BACKGROUND: Low-cost generic drug programs (LCGPs) increase the accessibility and affordability in the USA of prescription medication that can treat many common pediatric conditions. No studies have assessed the prevalence and predictors of LCGP use in the pediatric population, analyzed trends in LCGP use since their implementation, or analyzed which medications are most commonly purchased for children through LCGPs. OBJECTIVES: Our objective was to determine the prevalence of LCGP use in the USA during the period 2007-2012 and to assess predictors of LCGP use in a nationally representative sample of children and adolescents. METHODS: We used cross-sectional data from the 2007-2012 Medical Expenditure Panel Survey (MEPS) and classified each prescription fill as an LCGP or non-LCGP fill.
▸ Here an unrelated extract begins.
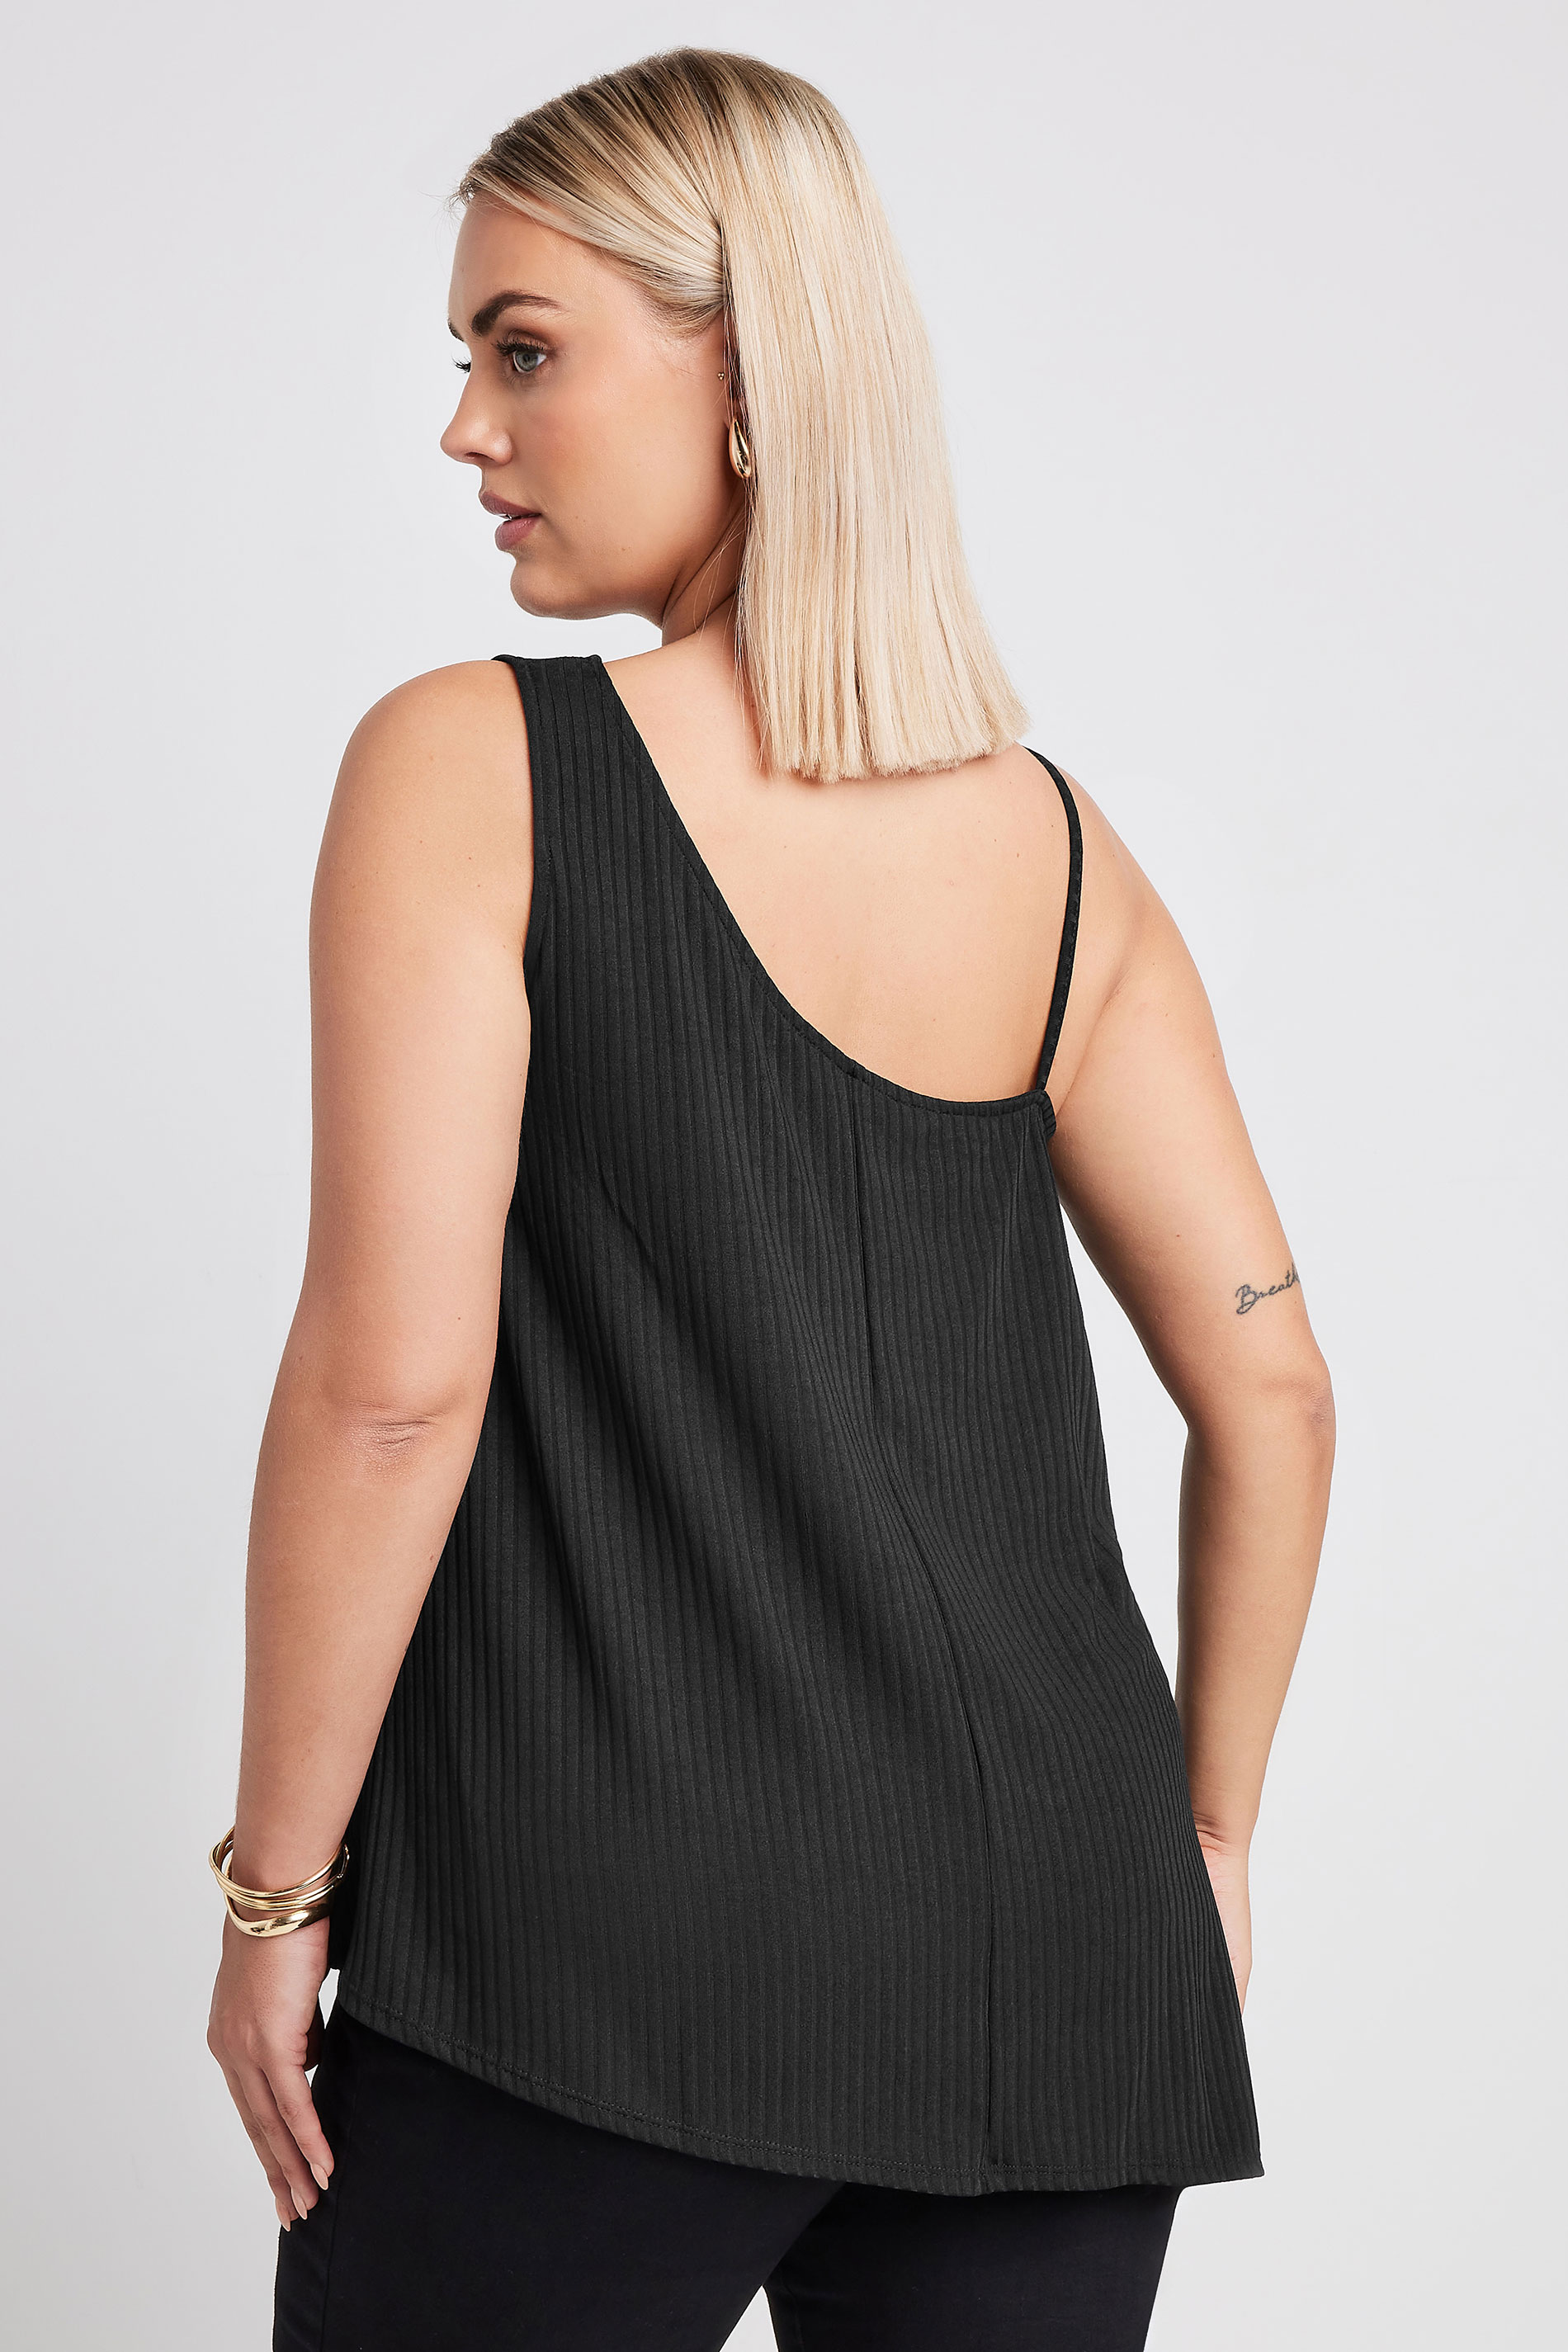 LIMITED COLLECTION Plus Size Black Metal Trim Ribbed Vest Top | Yours Clothing 3

We assessed the proportions of LCGP fills and LCGP users each year from 2007 to 2012 and compared users and non-users during the latest available study cohort (2011-2012) using chi-squared and t-tests for users. We used multivariable logistic regression to identify factors associated with LCGP use in the most recent MEPS panel. RESULTS: Of 2754 children meeting all inclusion criteria, 23.7 % were classified as LCGP users, representing over 10 million adolescent LCGP users over the 2011-2012 period. LCGP users were significantly more likely to be female, privately insured, White, residing in urban areas, lacking prescription drug coverage, and in a higher income bracket than non-users. Significant predictors of LCGP use included age, prescription drug coverage, insurance type, race, region of residence, and number of unique medications used. CONCLUSIONS: \While one in four children use LCGPs, certain subgroups that may benefit the most from the programs are using them at a lower rate, and use of these programs has important effects on medication utilization quality assurance and research.